I guess $1.5 million won’t help Box.net a lot, esp. they also bought the shares of Mark Cuban back… assume Cuban made some money, then Box.net is almost out of cash already and need for a second round funding very quickly.

Anyway, I am not a fan of Box.net. The thin feature and the kiddy interface is for teens, not for real businesses. For real businesses, DriveHQ is no doubt the best place to go. Their client software is generations ahead of Box.net, it supports group sharing, automatic backup and folder synchronization. These features are just amazingly well designed and easy-to-use. The web interface is also 10 times better than Box.net. From a usability / performance point of view, you can hardly put 100 files on Box.net, but you can easily copy 10,000 files to DriveHQ!

 

I use box and I have found it a little fustrating, particulary as I have a paid account I cannot now download the files and whats worse they have not responded to my emails for the last 4 days. Is it a case we have $1.5 million and we dont care!!!

 

@Stephen - Just shot you an email. In fact, this is one important spot the $1.5 is going towards: staffing! We’ve been just a small team for a while now, but we’re making all the necessary hires to respond to the demands (support, features, feedback) of a growing userbase.

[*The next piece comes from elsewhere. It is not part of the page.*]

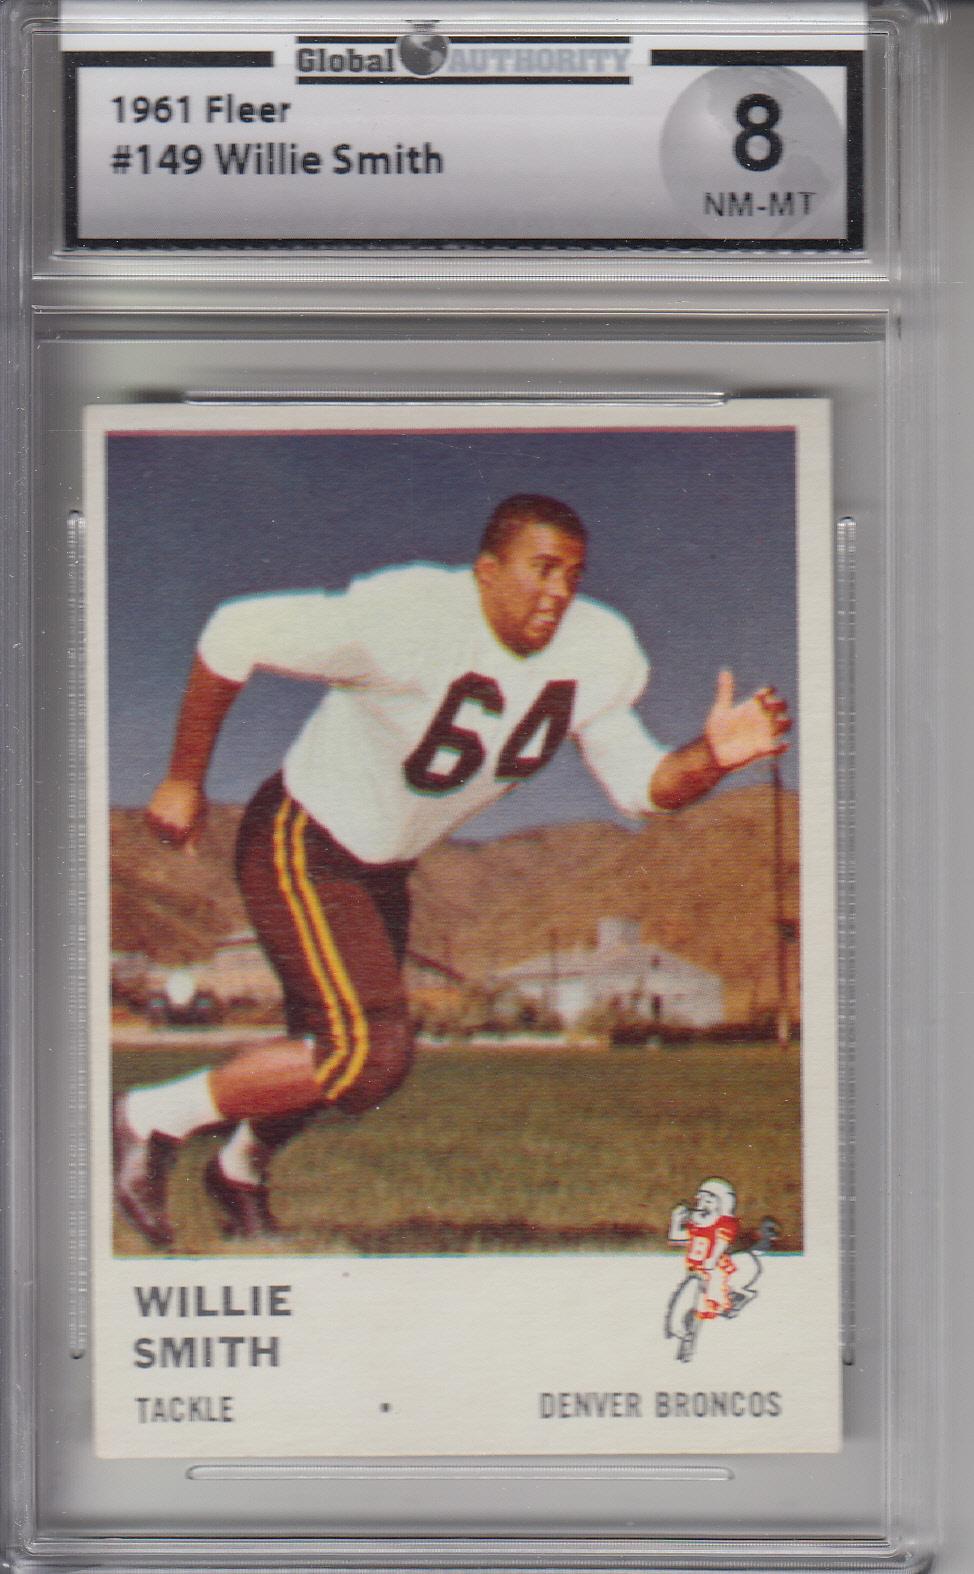 1961 Fleer #149 Willie Smith BRONCOS GAI 8 NM-MT Z20318

Thanks!

 

Thanks for the email Aaron, just want to put a positive comment up before I move on.

I do like box net and have passed on a few referals as I believe that having a virtual c drive is neccessary, I have lost so much data over the years with the odd virus and re install of windows.

So I will be glad when you get sorted with some extra staff, maybe I should offer my services.

Best of luck, I am staying all my hard drive says so.

 

Even though I don’t use it as importantly as most people (i usually use it to store files from school to finish at home) its still a good service for me, especially just typing in ‘box’ in my url and it coming up :)

Wish I had $1.5mil lol

 

I’ve been a box.net customer for maybe 6-9 months. I like ‘em. They’ve been very reliable for my needs.

The one annoyance I have with the service is the fact that yes, I can publish direct links to my files on a web site, but the file names are all converted to random hash characters. So my file ‘bobs_big_dj_mix.mp3′ becomes ‘xywhelrkjasdf.mp3′ or something similar. Kind of annoying.

 

When Mark Cuban completely bails on you, that is not a good sign:) Good luck

 

I have found that Box.Net is very useful for storage of important backups online and documents that I want to finish at home and vice versa. Thanks for a great online tool.